→ AVAILABLE DATA
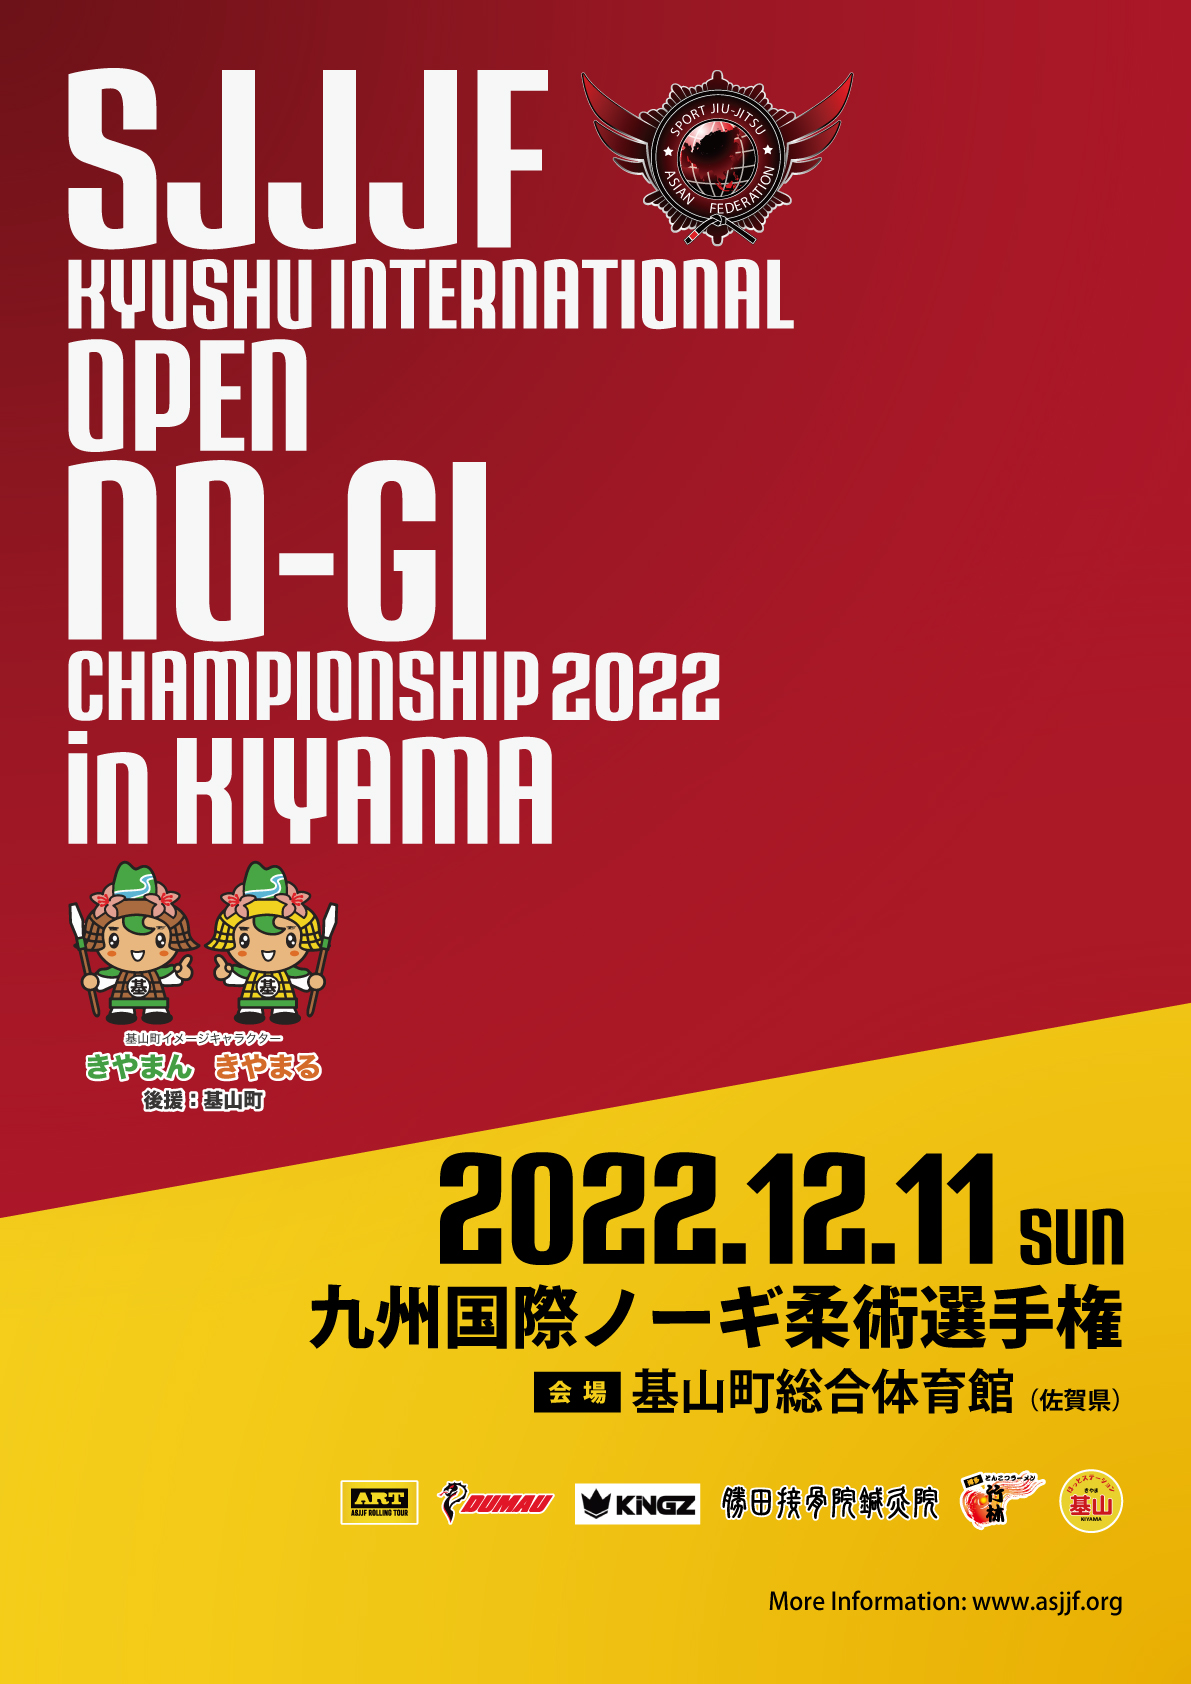 kyushu international open no-gi championship 2022
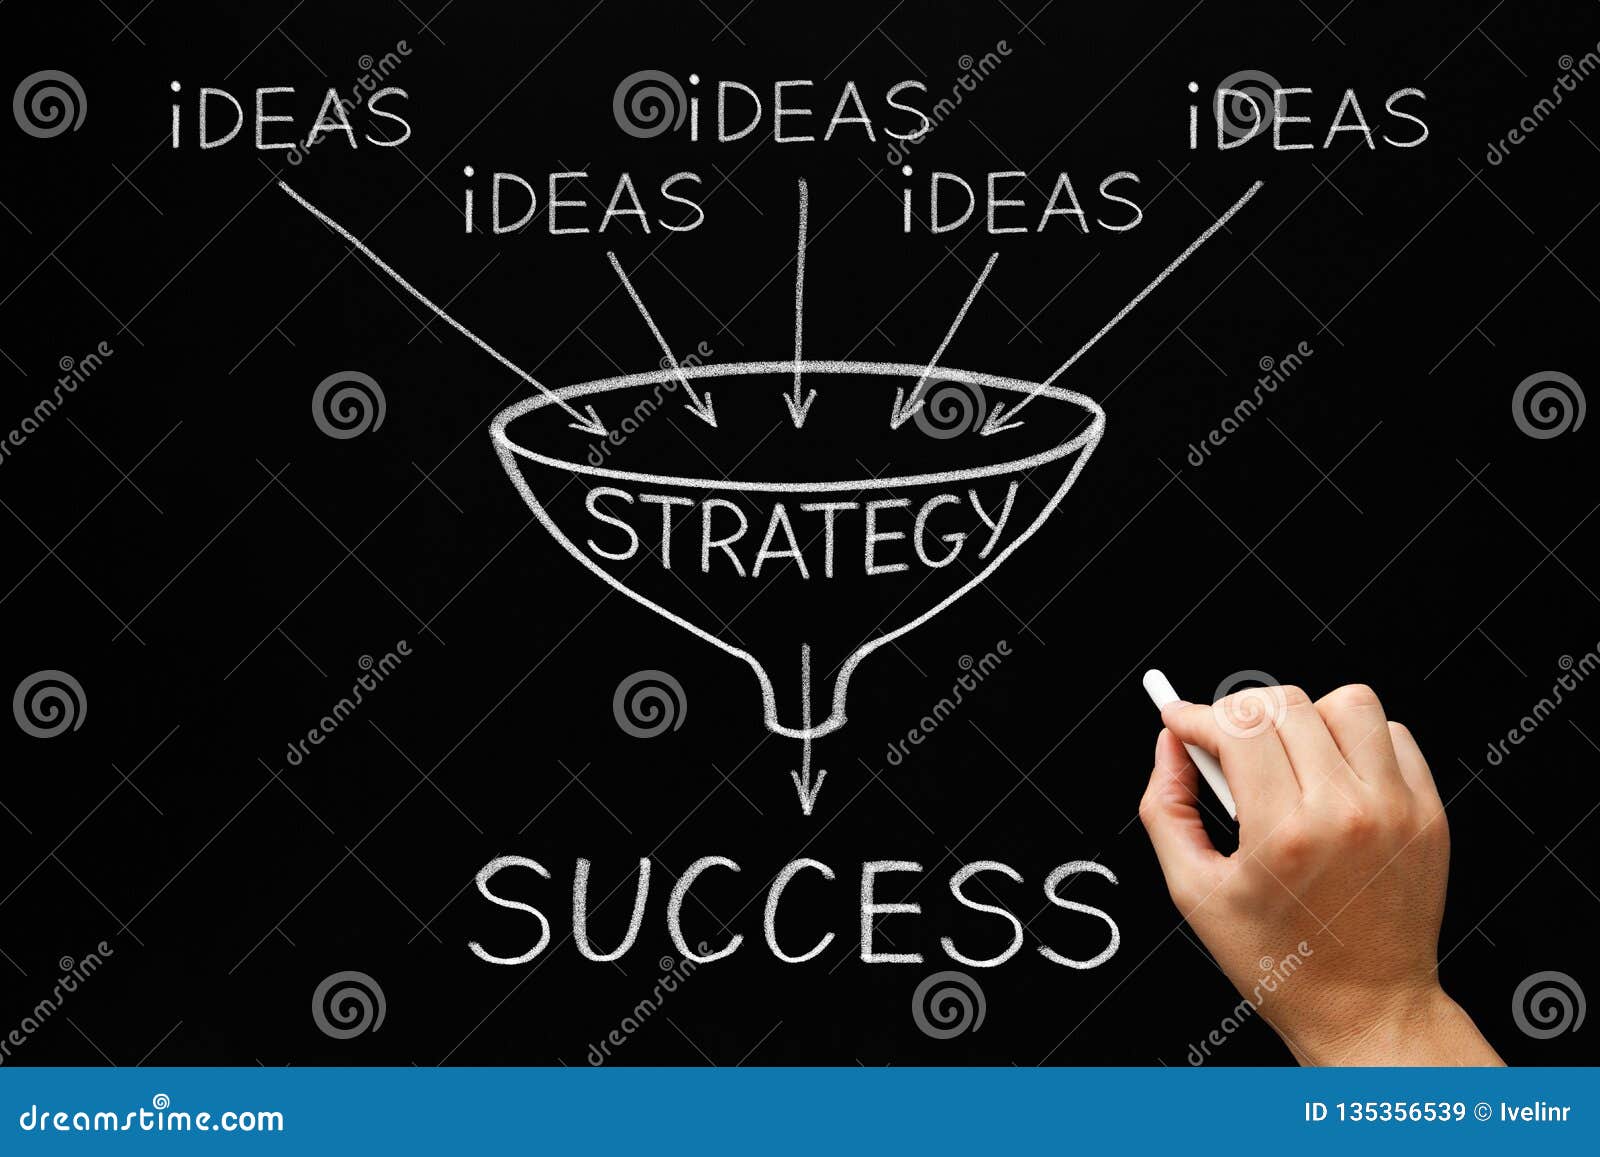 ideas strategy success funnel concept
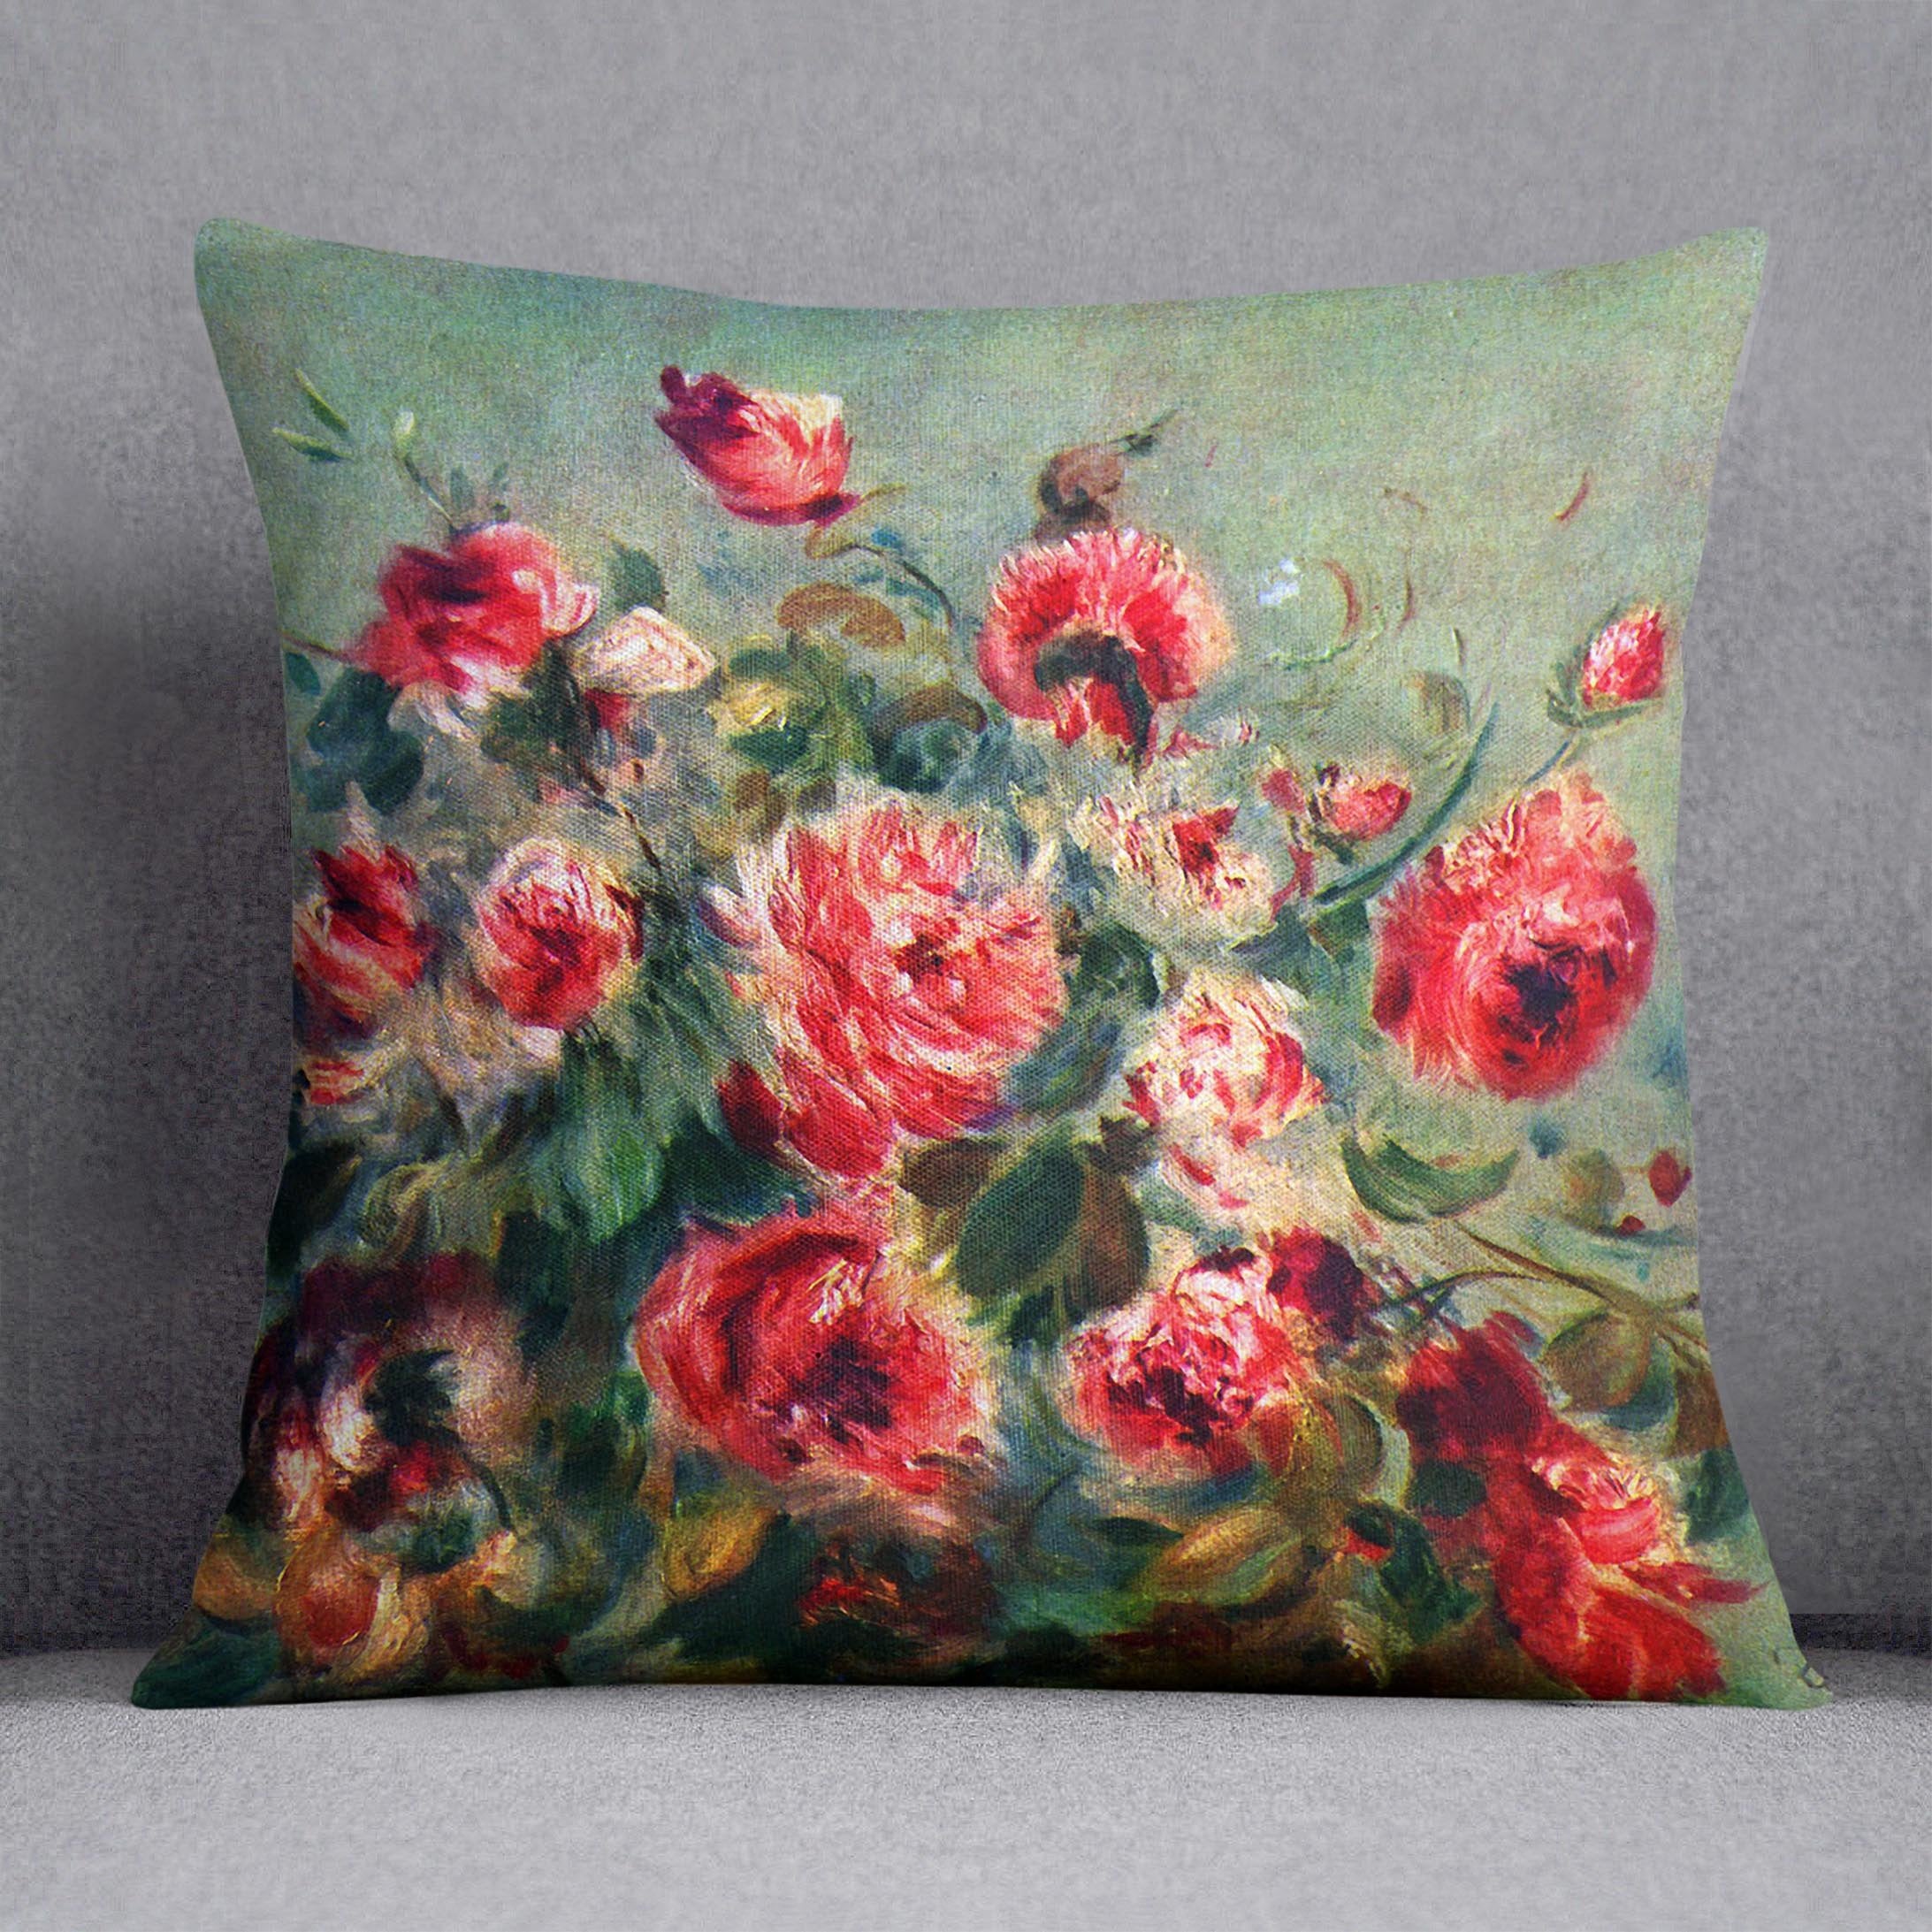 Still life roses of Vargemont by Renoir Throw Pillow
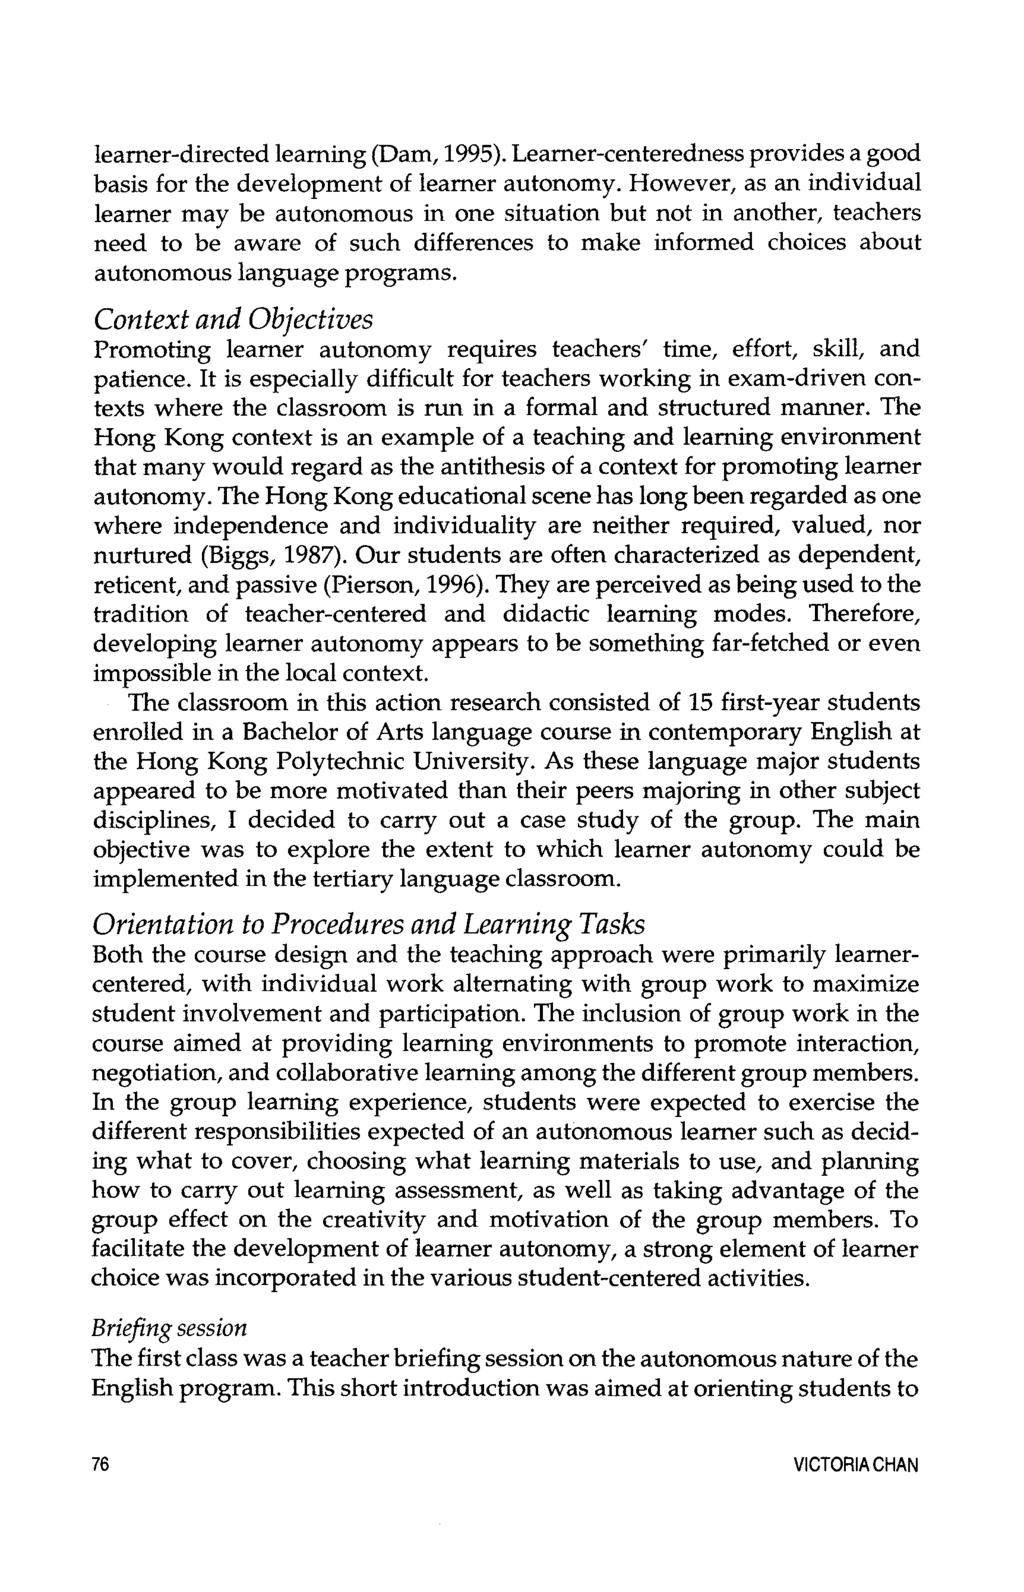 leamer-directed learning (Dam, 1995). Learner-centeredness provides a good basis for the development of learner autonomy.

→ TASK TO CARRY OUT
Could you copy each line above exactly as written, minus any pictures?

→ TASK RESPONSE
 kyushu international open no-gi championship 2022
 ideas strategy success funnel concept
 Still life roses of Vargemont by Renoir Throw Pillow
 leamer-directed learning (Dam, 1995). Learner-centeredness provides a good basis for the development of learner autonomy.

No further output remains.